Fever with rash is one of the most common causes of referral to a dermatologist. A plethora of conditions need to be considered in the differential diagnosis. They may be broadly classified into infectious causes, drug reactions, and autoimmune disorders. Here we present a rare case of rickettsial fever with cardiac involvement in an elderly male patient with no comorbidities.

INTRODUCTION

Fever with rash is almost always a diagnostic dilemma for the treating physician. Myriad causes can range from common viral exanthems, bacterial, parasitic, or spirochaete infections to connective tissue disorders and drug reactions. In most cases of fever with rash, the dermatological features provide a clue to the diagnosis and initiation of treatment. Rickettsiosis is one among the causes of fever with rash, and owing to its rarity in the Indian subcontinent, ranks low in the hierarchy of differentials. Rickettsiosis is acute febrile, arthropod-borne disease caused by obligate intracellular bacteria.[1] The classification of rickettsiosis is given in Table 1. We herein report a rare case of rickettsial spotted fever with severe cardiac involvement in an elderly Tibetan male from India.

Table 1

Classification of rickettsiosis[12345]

CASE REPORT

This patient presented with acute onset of breathlessness along with fever and was admitted in cardiac intensive care unit with an initial diagnosis of pulmonary edema secondary to severe left ventricular dysfunction.
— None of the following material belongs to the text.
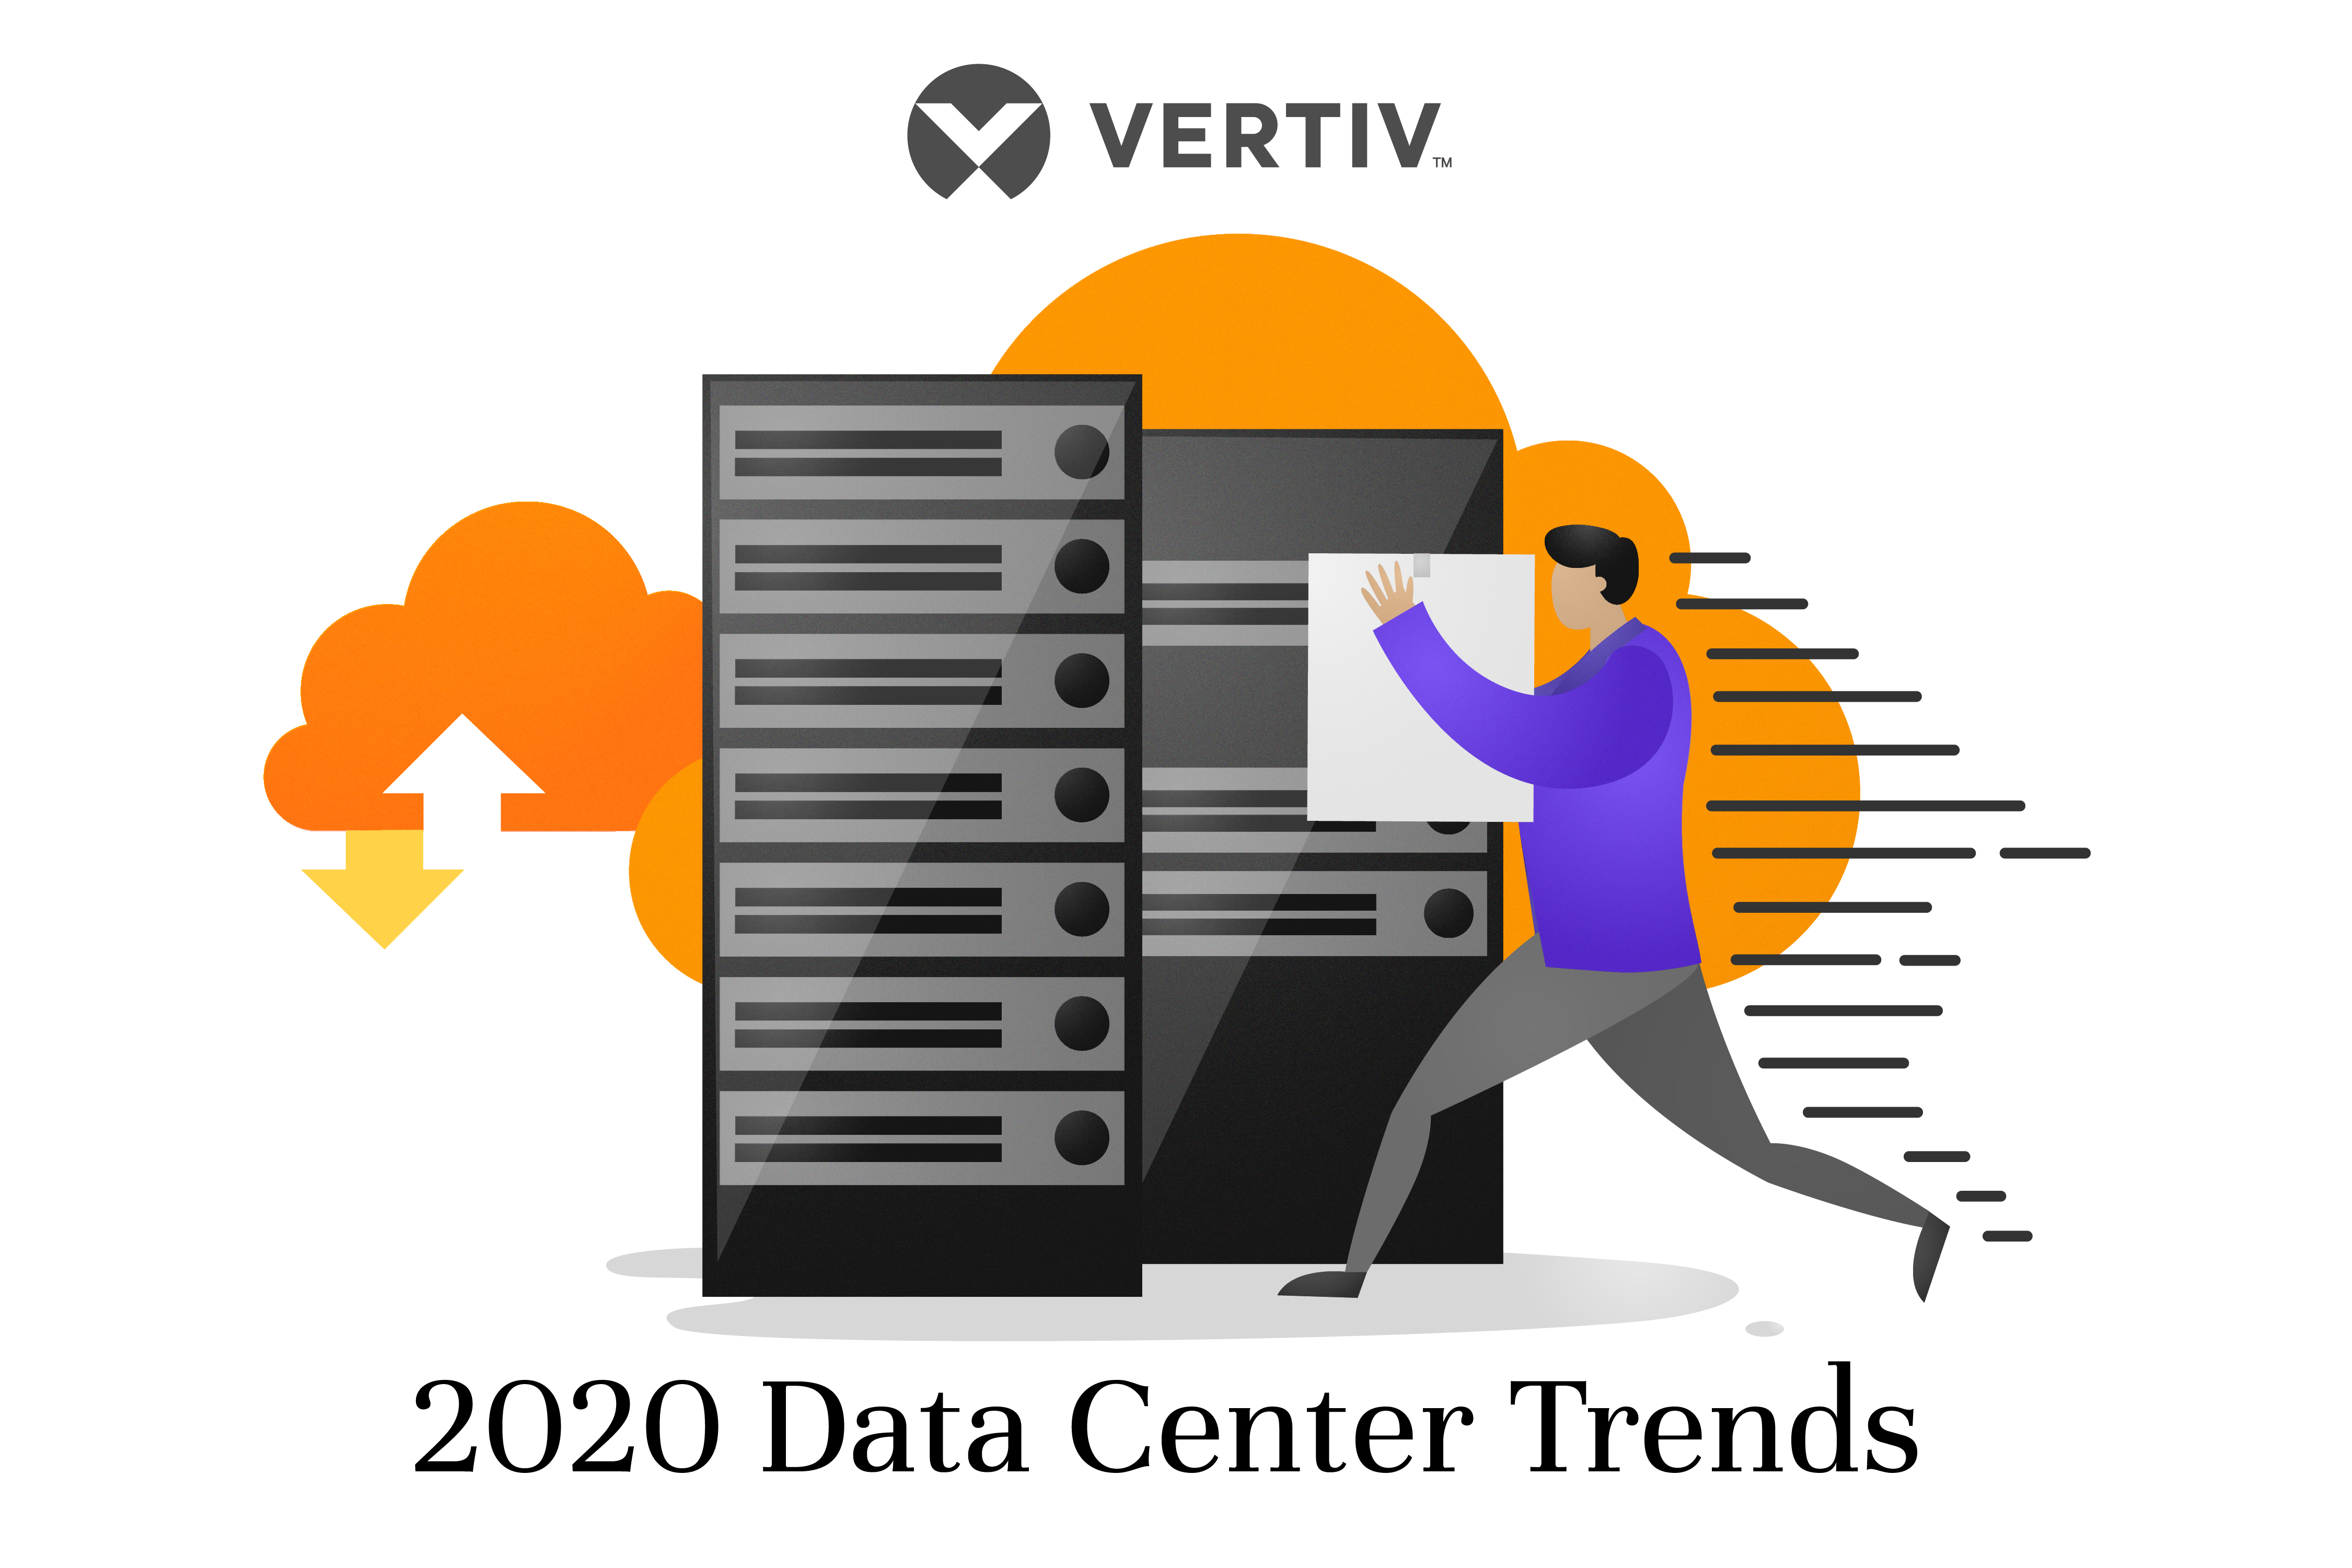 Vertiv_2020_Data_Center_Trends

Dermatology consult was asked for in view of fever with rash.

A 76-year-old Tibetan male, farmer by occupation, hailing from Mungod in North Karnataka presented fever of nine days and skin rash of four days duration. Fever was intermittent in nature associated with malaise. He went on to develop a skin rash over his hands, legs, and face, four days prior to admission. Lesions initially appeared as flat reddish lesions, which gradually increased in size and number and later became hemorrhagic with associated swelling of both hands and feet. He denied any history of joint pains or swelling of any specific joint.
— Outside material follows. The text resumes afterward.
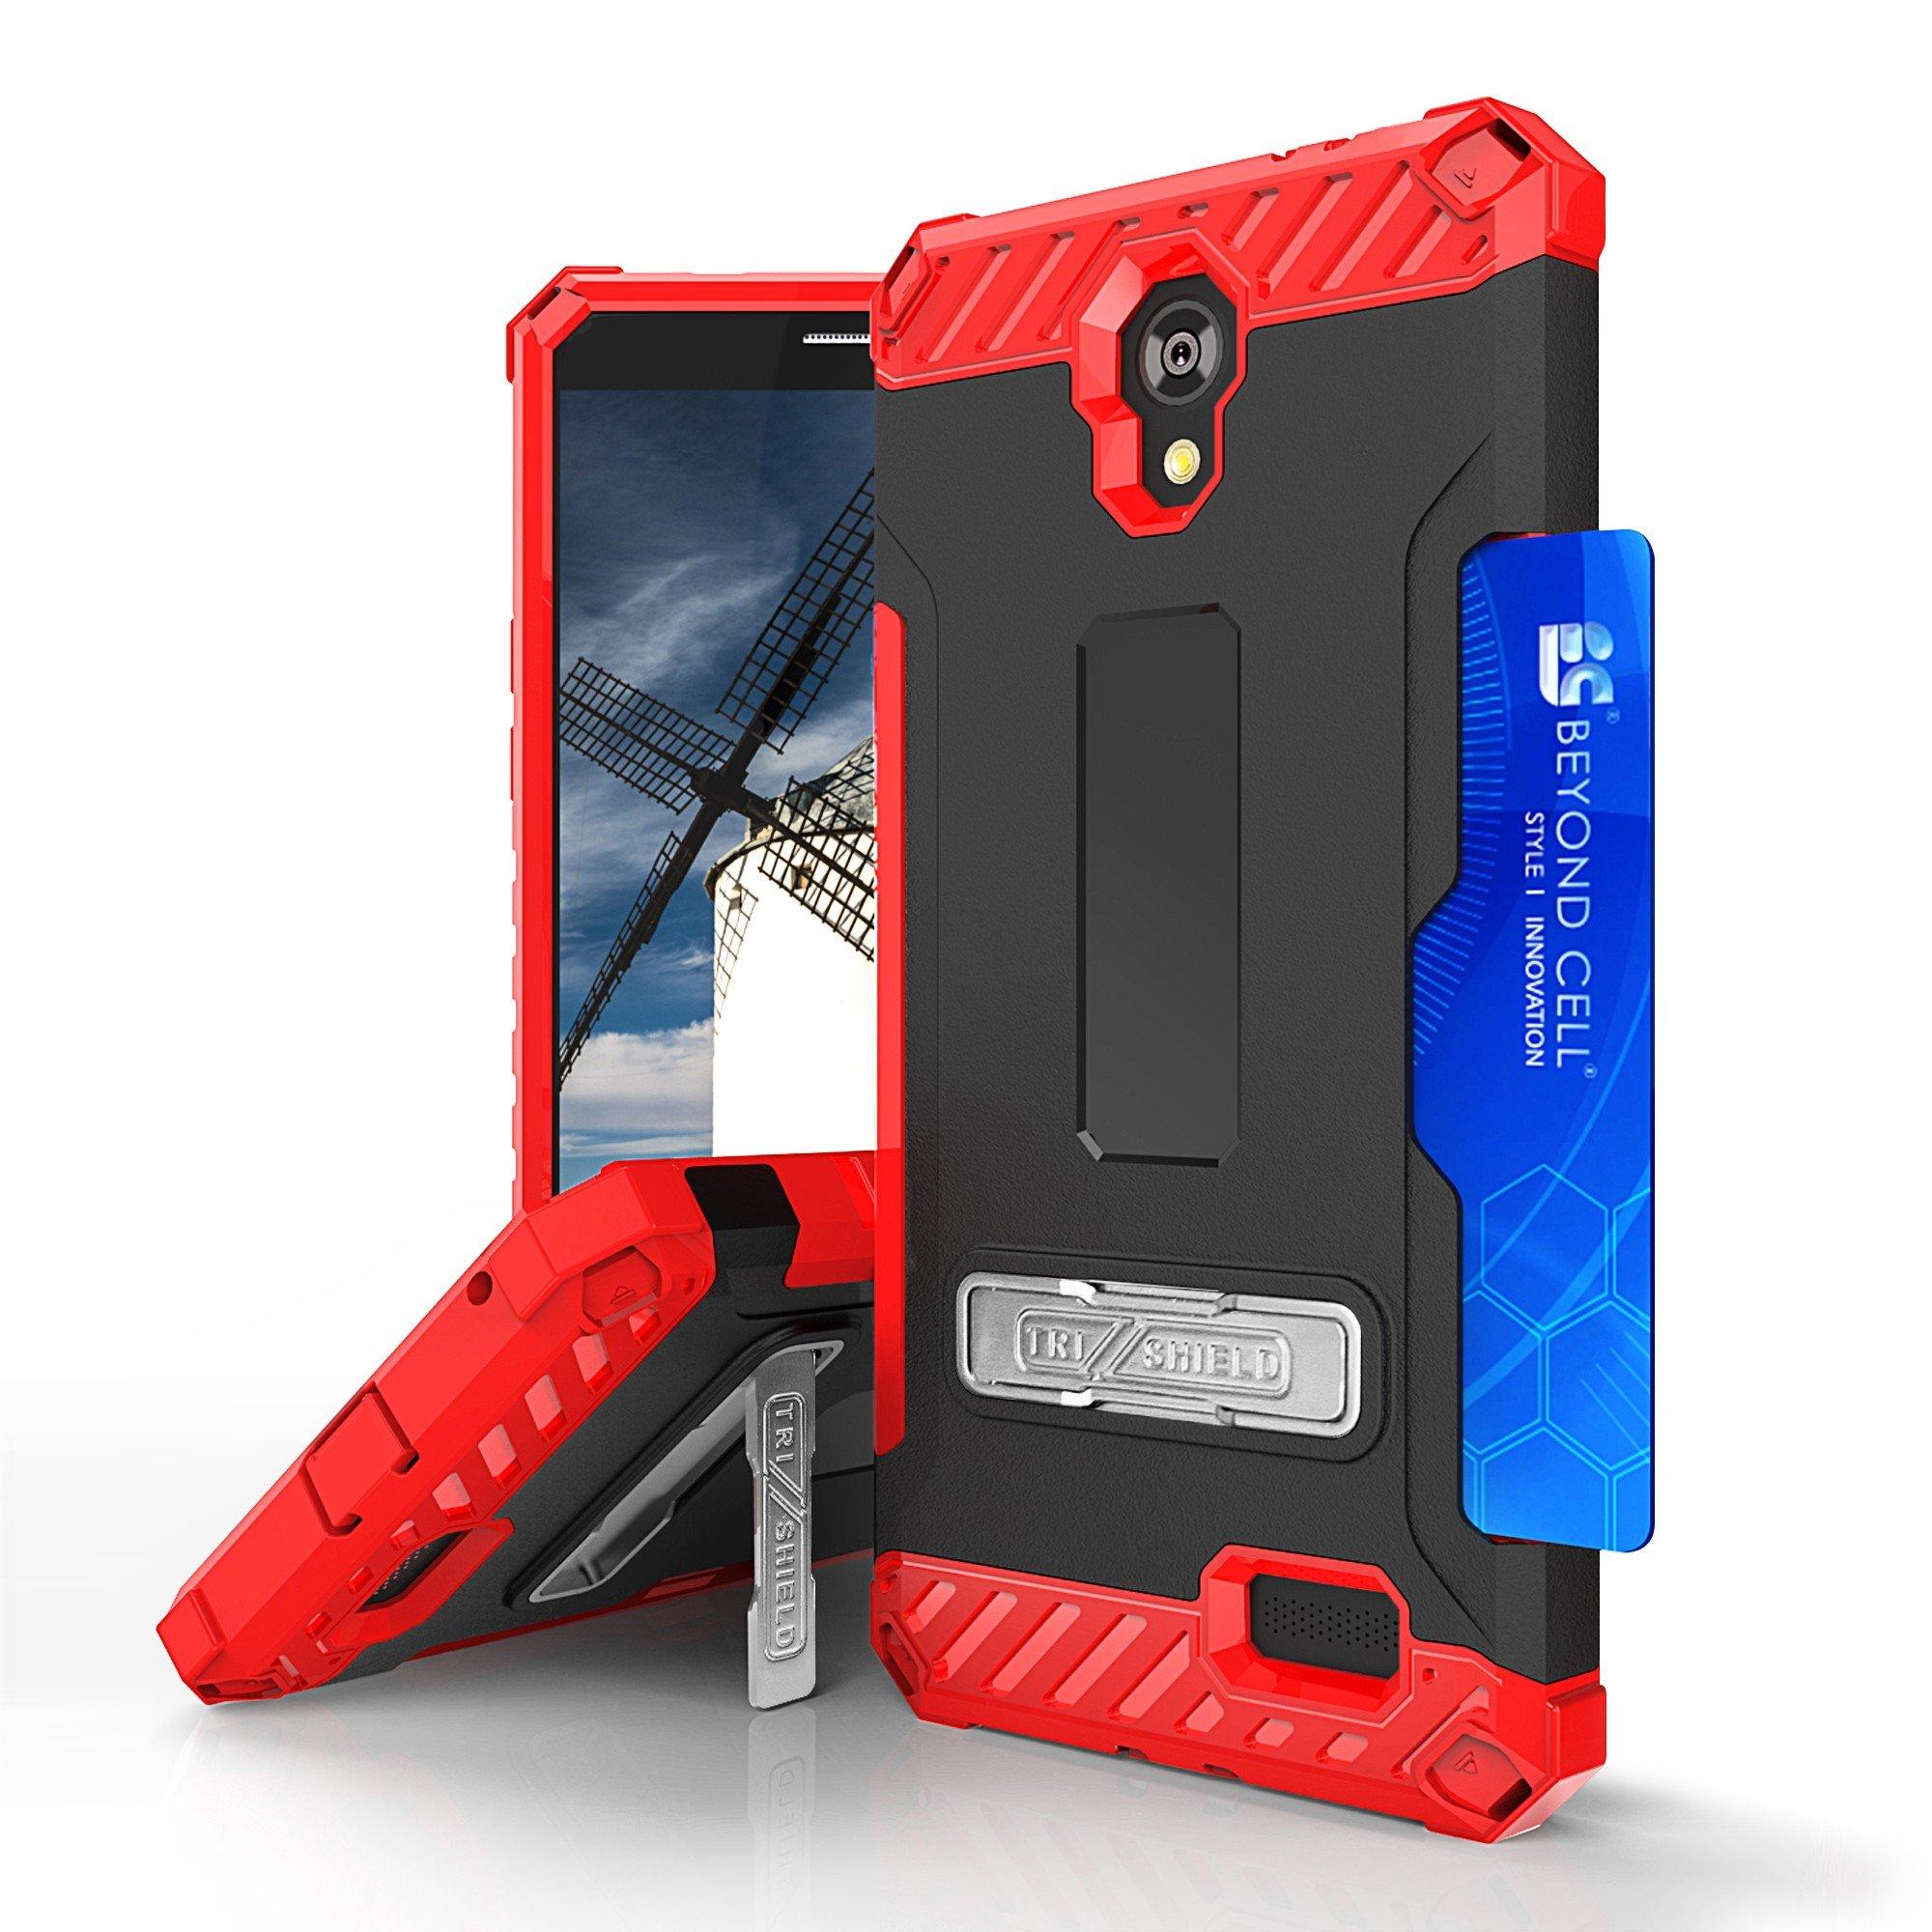 For ZTE PRESTIGE N9132, ZFIVE 2 Z836, AVID TRIO Z833, SONATA 3 Z832, MAVEN 2 Z831, AVID PLUS Z828 TRI-SHIELD RUGGED KICKSTAND CASE + BELT CLIP HOLSTER [CREDIT CARD SLOT & LANYARD] (Red Black)

He was not a known diabetic or hypertensive individual, and had no significant medical or surgical history. On general examination, he was found to be well built and nourished, also well oriented to time, place, and person. He was febrile, with a pulse rate was 110/min, irregular, and a blood pressure of 100/70 mmHg. On systemic examination, cardio-vascular system-S1 was variable, S2 was normal, there were no murmurs; respiratory system—bilateral basal crepitations were present. There were no significant findings on per abdomen and central nervous system examination. Cutaneous examination revealed multiple petechiae and palpable pupura with hemorrhagic bullae localized to extensor and flexor aspect of both hands and feet along with involvement of the tip of nose. The oral and genital mucosa were not affected.

Routine investigations were done. Complete blood count showed neutrophilia and LFT showed mild elevation of liver enzymes. Echocardiography (ECG) showed atrial fibrillation. Echocardiography revealed severe LV dysfunction with ejection fraction (EF) of 25% (Normal: 55%–70%), and LV global hypokinesia. Tests for dengue, malaria, leptospirosis, and typhoid were negative. Weil–Felix test showed OX 2 positive in high titers (1:160) favoring a diagnosis of spotted fever group rickettsia. The rickettsial immunofluorescence assay (IFA) and PCR could not be done due to financial constraints.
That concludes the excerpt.